As a daily reader of his blog, there still is this deep, deep seated arrogance
against any company other than Apple. Apple gets a fair set of positive and
negative coverage, but any other company almost always gets _only_ negative
coverage.

For example, the current frontpage has depressing things to say about
Flip(Cisco), Adobe, RIM, Motorola, Goldman Sachs, Palm, Sony and Ning.
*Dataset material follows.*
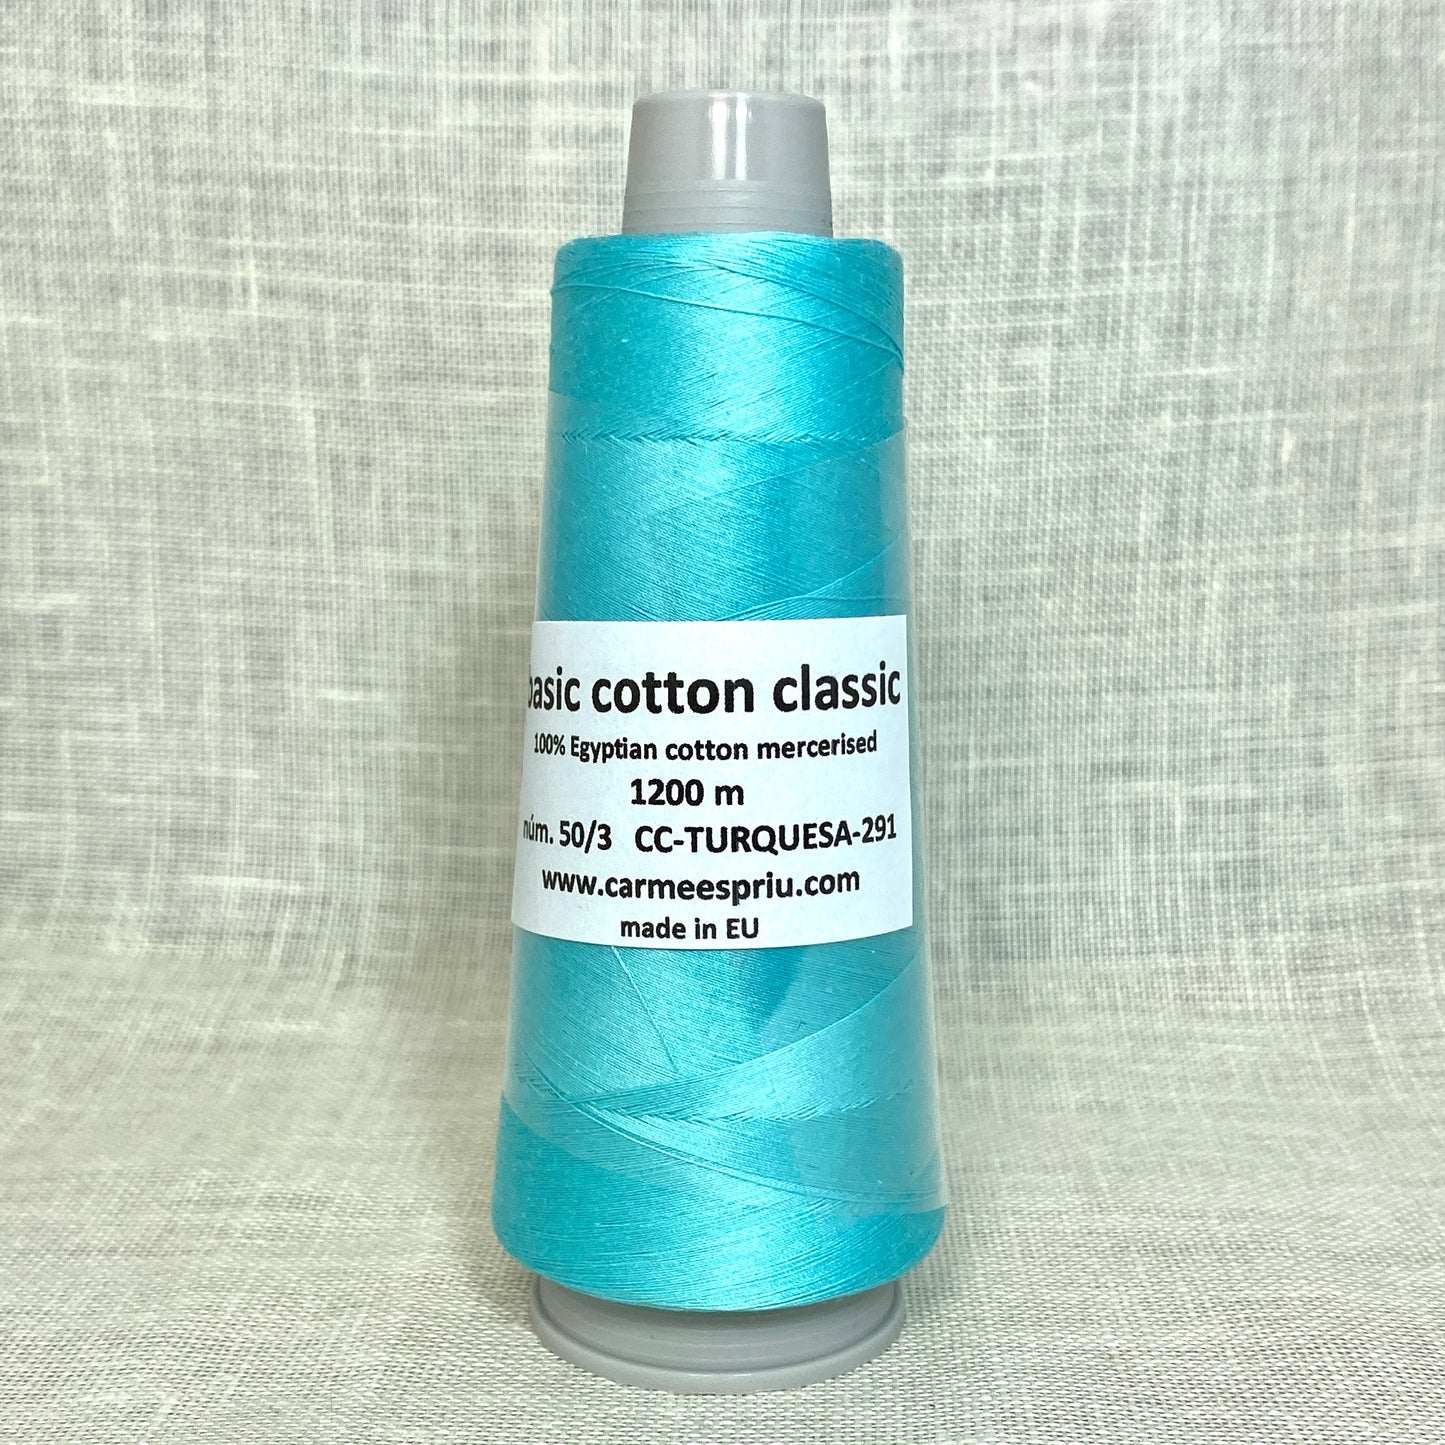 Basic cotton classic turquesa nº 291

Positive mentions: Just 2. One each for Adobe(this is rare, and only because
of hard evidence -- 2x speedup in Photoshop CS5) and Google. (One neutral
mention of Unity).

The more worrying concept is that he is widely read by all of Apple's
employees, all the way up to the top. Clearly some of his views resonate
_in_to the company as well, so even if he is not on their payroll, I very much
consider him an Apple evangelist, and take every negative comment of his with
a huge pinch of salt.

------
mrduncan
For a little background, John Gruber tweeted "Someone should make a Tumblr
site for (and only for) these Steve Jobs email replies." earlier today. It
seems a few people have ran with the idea. He's retweeted[1] about 6 of them
now, this one seems to be the most complete though.

[1] <http://twitter.com/gruber>

------
asimjalis
I wish <http://www.fakesteve.net/> could be as succinct.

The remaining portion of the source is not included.